We do still need some tests that make sure that the "main" library targets work in their CMake incarnation (these will be the ones that we'll set up CI runs for). But these tests can be smaller, almost more like smoke tests. (https://github.com/aurora-opensource/au/blob/main/release/au_all_units_hh_test.cc is an example of this.)

So I think the action here is to set up some barebones CMake tests, and create CI jobs to run them automatically.

Installability

Once we get CMake support landed, we'll want to make Au available on conan and vcpkg! In order to do this, it sounds like we'll need to cut a new release. (You mentioned that we could alternatively automatically pull the latest commit, at the cost of having some issues --- but that turns out to not matter, because I strongly prefer to use an immutable tagged and named release anyway.) It seems likely that we'll end up making a 0.3.5 release which is mainly a "CMake support" release, plus perhaps a couple of small improvements that might come along for the ride. After this release gets cut, it sounds like you'll be able to help provide Au on vcpkg. I don't know conan but I'd be willing to try to figure that out.

Installability with bazel

Installability is different. but AFAIK this library isn't installable right now with bazel any way.

Just to be clear: you mean "this library isn't installable right now with bazel for CMake users any way", right?

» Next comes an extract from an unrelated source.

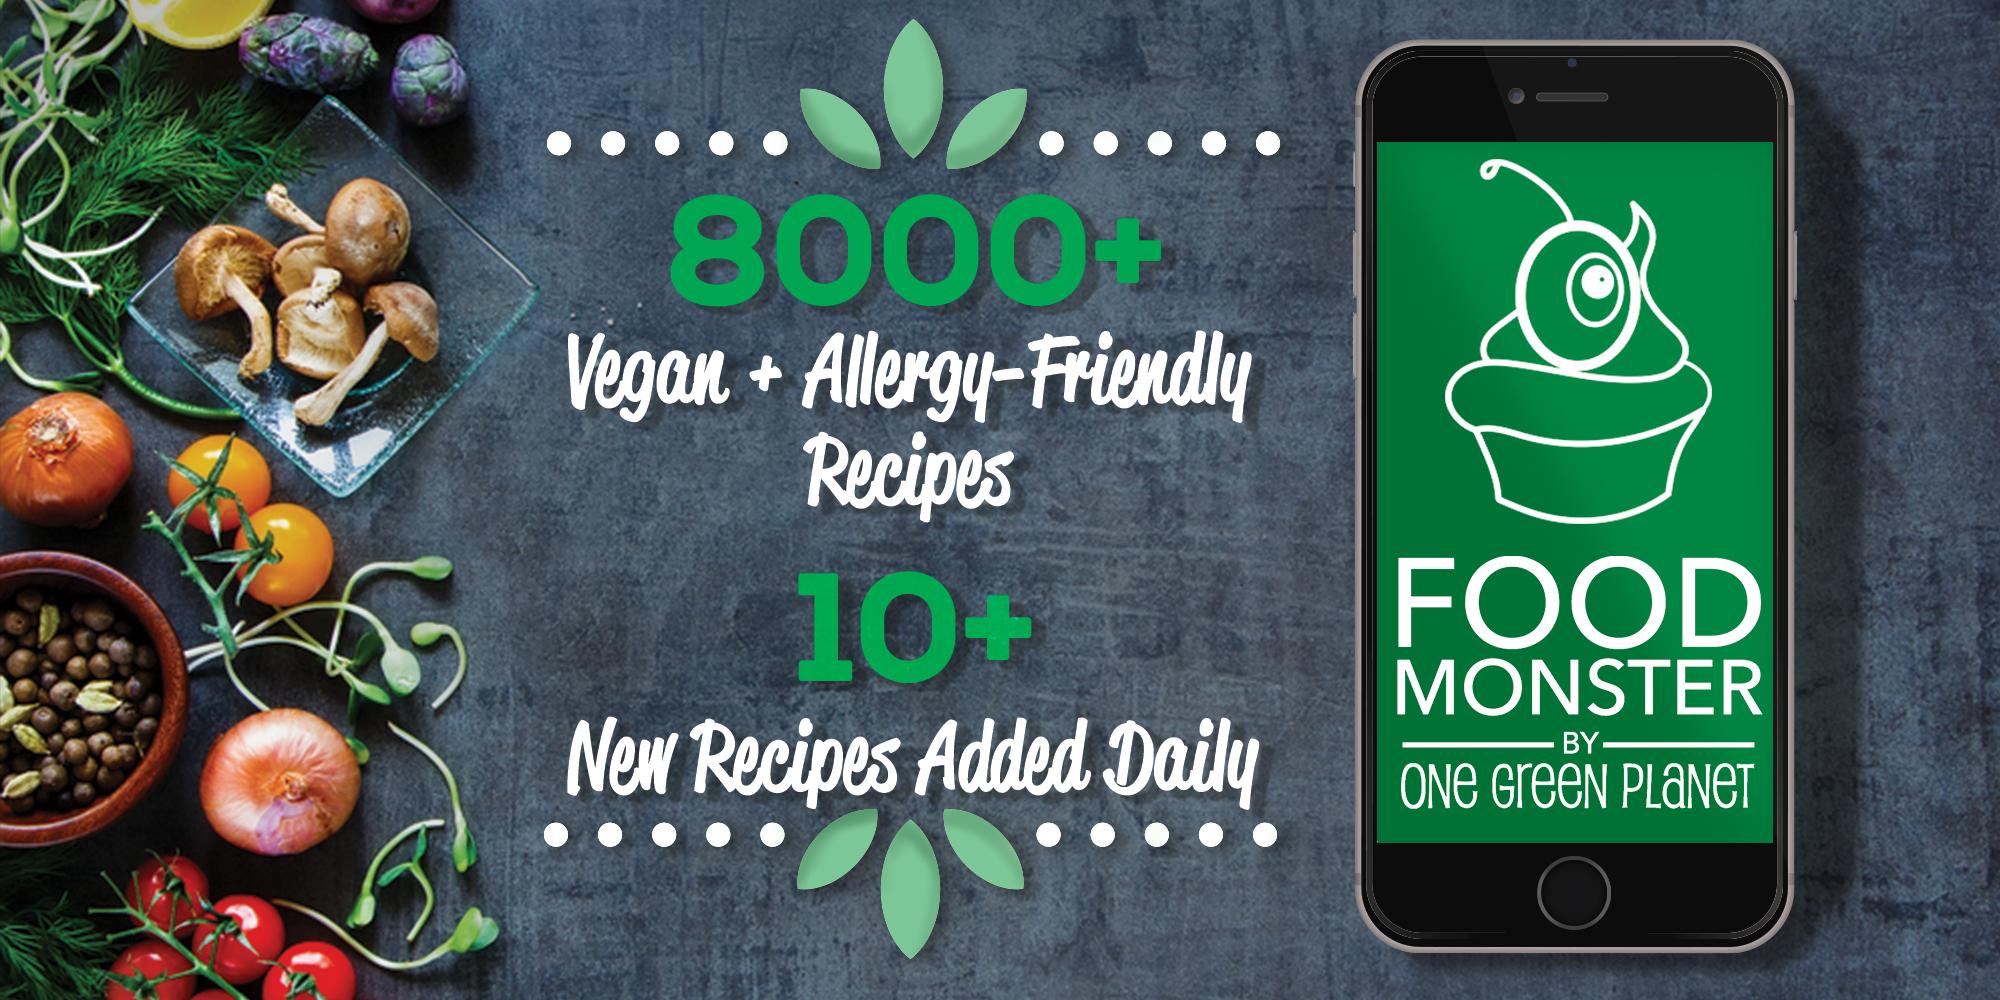 Food monster download the largest vegan food app one green planet forumfinder Gallery

For bazel users the installation process is really smooth AFAIK.

Summary

Based on all of this, I think the updated checklist would look something like:

  • Create barebones/smoke tests for running main targets under CMake
  • Set up CI jobs to run these tests automatically on every PR and commit
  • Update installation instructions

At that point, we could consider this issue resolved.

After that, we'd need to cut a new release, and then make that release available on conan and vcpkg. (And then we'd want to update the installation instructions again.)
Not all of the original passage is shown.